Returns an aligned version of the source tensor and destination index.

Used as the backend to implement other subpixel functions like:

subpixel_accum, subpixel_maximum.

kwimage.subpixel_getvalue(img, pts, coord_axes=None, interp='bilinear', bordermode='edge')[source]

Get values at subpixel locations

Parameters
  • img (ArrayLike) – image to sample from

  • pts (ArrayLike) – subpixel rc-coordinates to sample

  • coord_axes (Sequence, default=None) – axes to perform interpolation on, if not specified the first d axes are interpolated, where d=pts.shape[-1]. IE: this indicates which axes each coordinate dimension corresponds to.
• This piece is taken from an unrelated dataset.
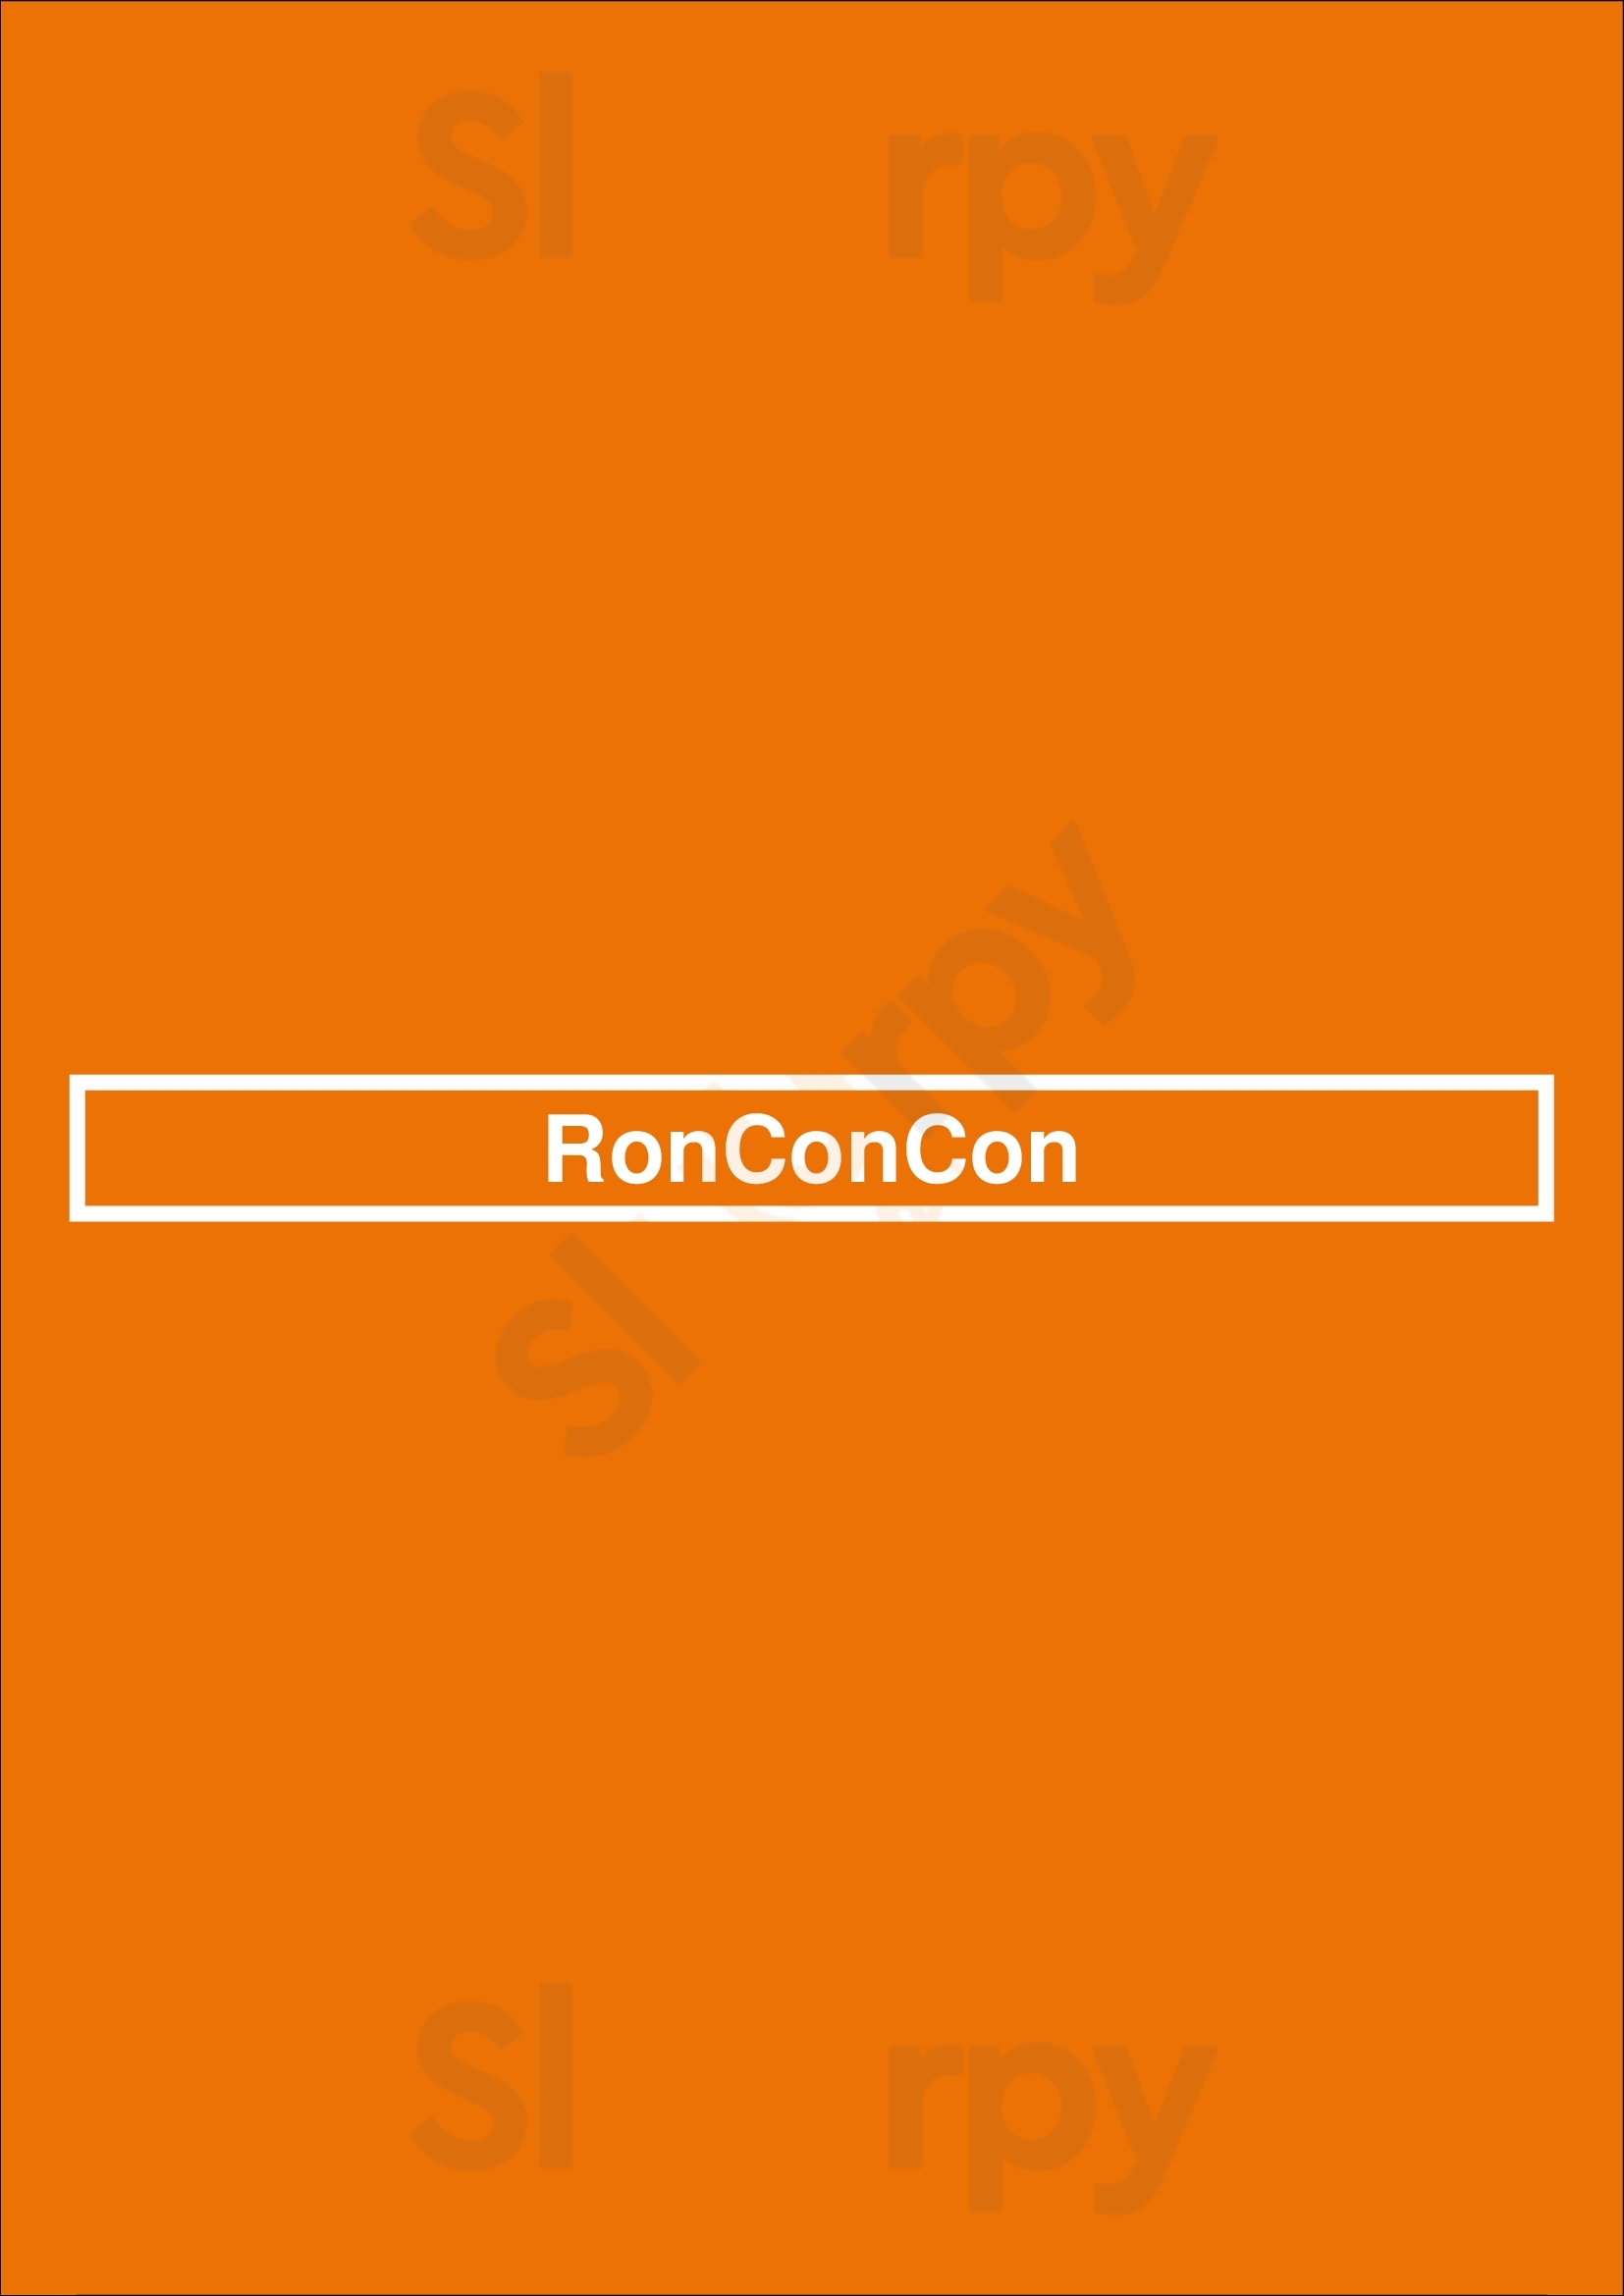 Ronconcon Buenos Aires Menu - 1

  • interp (str) – interpolation mode

  • bordermode (str) – how locations outside the image are handled

Example

>>> from kwimage.util_warp import *  # NOQA
>>> img = np.arange(3 * 3).reshape(3, 3)
>>> pts = np.array([[1, 1], [1.5, 1.5], [1.9, 1.1]])
>>> subpixel_getvalue(img, pts)
array([4. , 6. , 6.8])
>>> subpixel_getvalue(img, pts, coord_axes=(1, 0))
array([4. , 6. , 5.2])
>>> # xdoctest: +REQUIRES(module:torch)
>>> img = torch.Tensor(img)
>>> pts = torch.Tensor(pts)
>>> subpixel_getvalue(img, pts)
tensor([4.0000, 6.0000, 6.8000])
>>> subpixel_getvalue(img.numpy(), pts.numpy(), interp='nearest')
array([4., 8., 7.], dtype=float32)
>>> subpixel_getvalue(img.numpy(), pts.numpy(), interp='nearest', coord_axes=[1, 0])
array([4., 8., 5.], dtype=float32)
>>> subpixel_getvalue(img, pts, interp='nearest')
tensor([4., 8., 7.])

References

stackoverflow.com/uestions/12729228/simple-binlin-interp-images-numpy

SeeAlso:

cv2.getRectSubPix(image, patchSize, center[, patch[, patchType]])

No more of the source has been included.